DOE can also look to other agencies for ideas on innovative hiring. Agencies like the Department of Homeland Security, Department of Defense, and Department of Veterans Affairs run different forms of industry exchange programs that allow private sector experts to bring their skills and knowledge into government and vice versa. Another example is the Joint Statistical Research Program hosted by the Internal Revenue Service’s Statistics of Income Office. This program brings in tax policy experts on term appointments using the IPA mechanism, similar to the National Science Foundation’s Rotator program. Once developed, these programs can allow agencies to benefit from talent and expertise from a larger pool and access specialized skill sets while protecting against conflicts of interest.

DOE should partner with external organizations to champion tour-of-service programs.

There are other ways to expand flexible hiring mechanism use as well.
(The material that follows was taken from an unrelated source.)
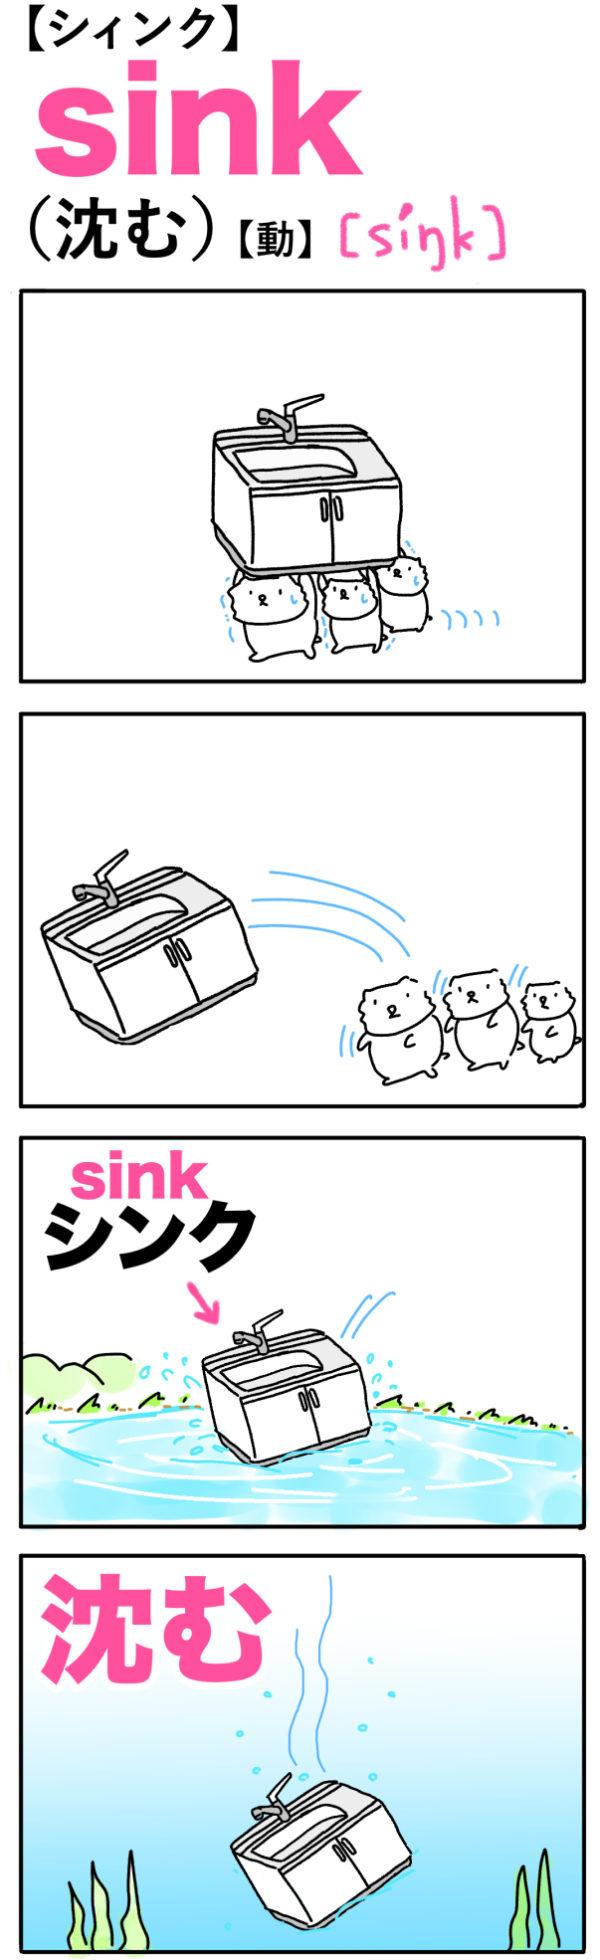 sink(沈む)の語呂合わせ英単語

Program offices and the Office of the CHCO can partner with outside organizations like FAS to champion tour-of-service programs in the wider clean energy community, in order to educate non-federal eligible parties on how they can get involved. Federal hiring processes can seem opaque to outside organizations, with additional paperwork, conflict of interest concerns, long timelines, and potential clearance hurdles. If outside organizations better understand the different ways they can partner with agencies and the benefits of doing so, agencies could increase enthusiasm for programs like tour-of-service hiring. At NSF, for example, the Rotator program is well known in the communities it operates within–both academia and government understand the benefits of participating. 

Although these mechanisms and authorities have significant medium- and long-term benefits for agencies, they require upfront administrative effort and cost. Even if staff are aware of potential tools they can use, understanding the logistics, funding mechanisms, conflict of interest regulations, and recruitment and placement of staff hired through these mechanisms often requires investment of time and money from the agency side and can overwhelm already stressed hiring managers. 

Congress should increase funding for DOE’s Office of the Chief Human Capital Officer.

In order to support DOE in using flexible hiring mechanisms more effectively, Congress should direct more funding to the agency’s Office of the Chief Human Capital Officer. In FY23, the office has not only continued to execute on mandates from the IIJA and the IRA, but has introduced new programs aimed at modernizing the office and improving on hiring. These programs and tools, including standing up talent teams to better assess competency gaps across program offices and developing HR IT platforms to more effectively make data-driven personnel decisions, are vital to the growth of the office and in turn the ability of DOE to follow through on key executive priorities. Congress should increase funding to DOE’s Human Capital office by $10M in FY24 over FY23 levels. As IRA and IIJA priorities continue to be rolled out, the Human Capital office will remain pivotal to the agency’s success. 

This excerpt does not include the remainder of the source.